#7
─ 7月3日 RAARA OBSERVE ─
ラァラは、舗装されていない山道を降りていた。
木々の葉は、乾いた灰を被って白く変色していて、踏みしめるたびに細かい塵が靴の裏から舞い上がる。
背中の赤ちゃんは、静かだった。
呼吸の音すら感じないほどに小さく、でも確かに温かい命が、ラァラの背にしがみついていた。
遥香と莉杏は、まだあの場所にいる。
燃えてしまったあの聖地に。
そういう筋書き。
でも、ラァラは、それを口にしない。
それを口にしたら、嘘をつくことになる。
嘘は、調べたらどこかですぐにバレるから。
だから、ラァラは全部、ありのまま、本当だけを言う。
必要以上のことは、言わない。
何ひとつ嘘をついていない嘘――それが、莉杏と交わした最後の約束。
莉杏はすべて辻褄は合わせてあると言った。
大丈夫。
◆・◆・◆
村の入口に差しかかると、急に空が広くなった。
山の陰に沈みかけた陽が、視界に差し込む。
空気がほんのり赤く染まっていて、ラァラはそれを「夕方」と認識した。
もう「帰るべき場所」も「行くべき場所」もない。
村の道端に立っていると、自転車に乗った見知らぬおじさんがこちらに気づいて、速度を落とした。

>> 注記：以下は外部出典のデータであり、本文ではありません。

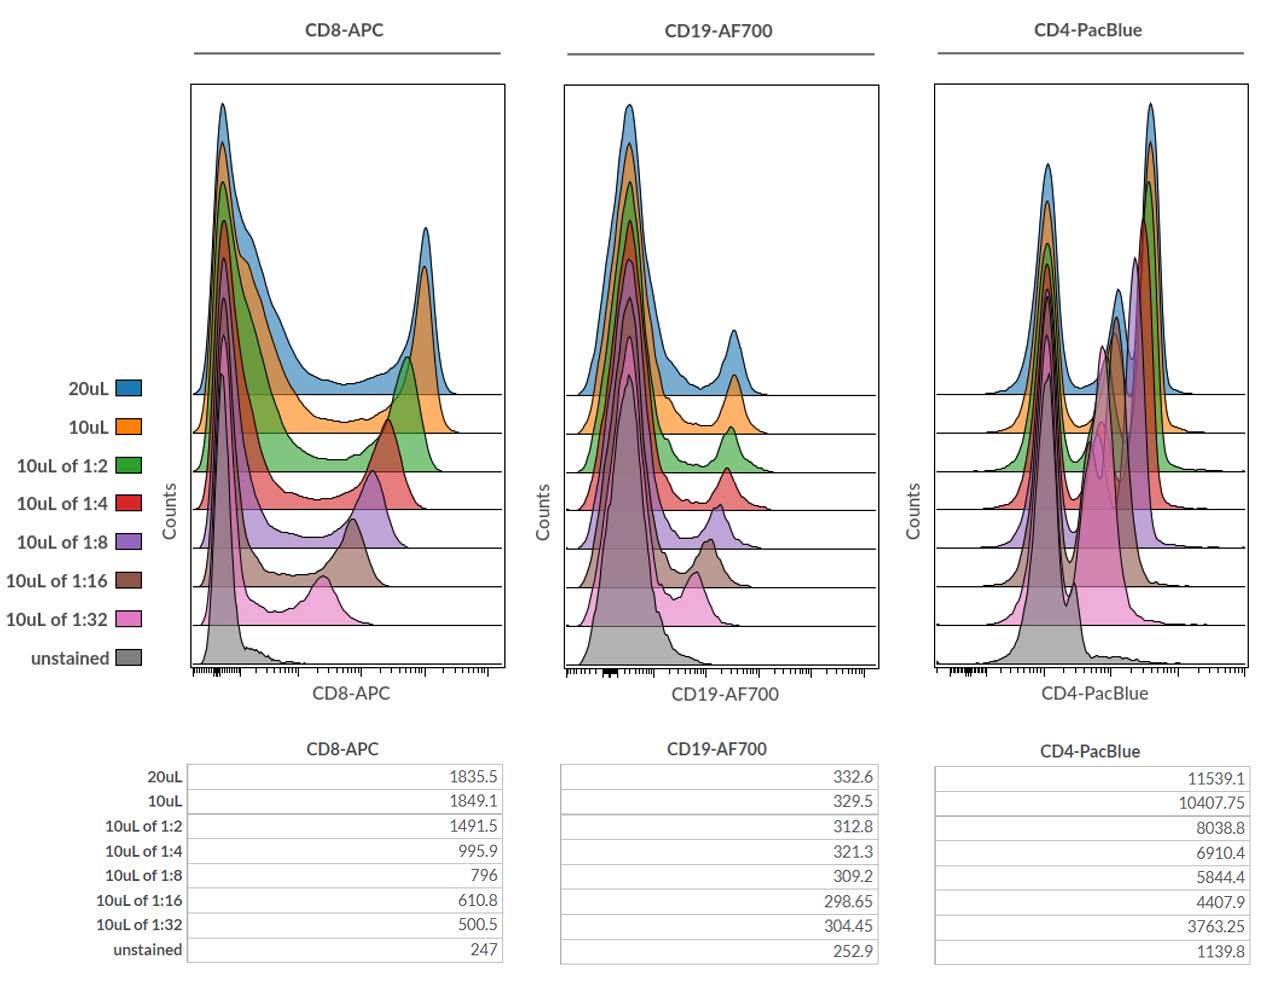 Figure 7. Overlay of single parameter histogram plots for CD8-APC, CD19-AF700 and CD4-Pacific Blue antibody titrations with actual Median Fluorescence Intensities for each antibody titration displayed below

その人は、眼鏡をしていて、もじゃもじゃの髭を白いバンダナで覆っていた。
ちょっとぽっちゃりしていて、目は優しかった。
「どうしたの? 迷子かい?」
ラァラは少しだけ考えてから、言葉を選んで答えた。
「今夜の寝場所を探しています」
簡潔で、正直で、正確な答えだった。
嘘は混じっていない。
言っていないことは、あるけれど。
「ええと、パパとママは?」
ラァラは首を横に振った。
「いません」
おじさんは、言葉を失ったように口を開いたまま、数秒だけ私を見ていた。
そして、ぽつりと漏らす。
「マジか……」
驚くのは当然だった。
ラァラは、ひとりで歩いていた。
それも赤ちゃんを背負って。
年齢的に言えば、ラァラも大差がないくらいなのに。
おじさんは、自転車を道端に止めて、頭を掻いた。
彼は困っていた。
でも、それは責任を持ちたくないという困り方ではなくて、どうすれば正しい選択ができるのかを考えている人の表情だった。
ラァラは、それを見ていた。
ただ見ていた。
何も言わず、何も求めず。
しばらくして、おじさんが声をかけてきた。
「……よし、とりあえず、おじさんと警察行こうか。
事情はそこでちゃんと話せば、寝る場所もなんとかしてくれると思うよ」
ラァラは、頷いた。
それは想定の範囲内だった。
もともと、ラァラは莉杏から託された証言者だったから。
ラァラが話すことで、行方不明になった彼女たちの存在が、より現実になる。
遥香と莉杏はあの山火事に巻き込まれずに、どこかで生きているだろう。
でも、ラァラはそれを教えない。
遥香と莉杏はあの山火事に巻き込まれた、と嘘も言わない。
聞かれた事だけをありのまま答えて、後はただ、全部、「わかりません」と言うだけ。
赤ちゃんの重みを背に感じながら、ラァラはおじさんの後を歩き始めた。
道の先にある交番までの距離は、たぶん、そんなに遠くはなかった。
けれど、私にとっては、今まで歩いてきたどの道よりも長く、そして大切な道のりになるのだと、なぜかそんな気がしていた。
交番は、村の商店街のはずれにぽつんと建っていた。
夕暮れが完全に夜に変わる前の、一番影が長くなる時間だった。
街灯のひとつが点いて、道路に白い光がこぼれている。
ラァラの影は赤ちゃんごと長く引き伸ばされていて、それを見ていると、まるで誰かと一緒に歩いているような錯覚がした。
◆・◆・◆
「よし、着いた」
おじさんは、ラァラの歩幅に合わせて、あまりにも丁寧に歩いてくれた。
ラァラは、それに対して特に感謝の言葉を返さなかったけれど、きっと彼には伝わっていたと思う。
ラァラが黙ってついていくことが、何よりの承諾だったから。
交番の中には、警察官が二人いた。
片方は若くて、もう片方は少し年配。
制服の袖が少しほつれていて、彼らが長い時間ここで日常を守ってきたことが分かった。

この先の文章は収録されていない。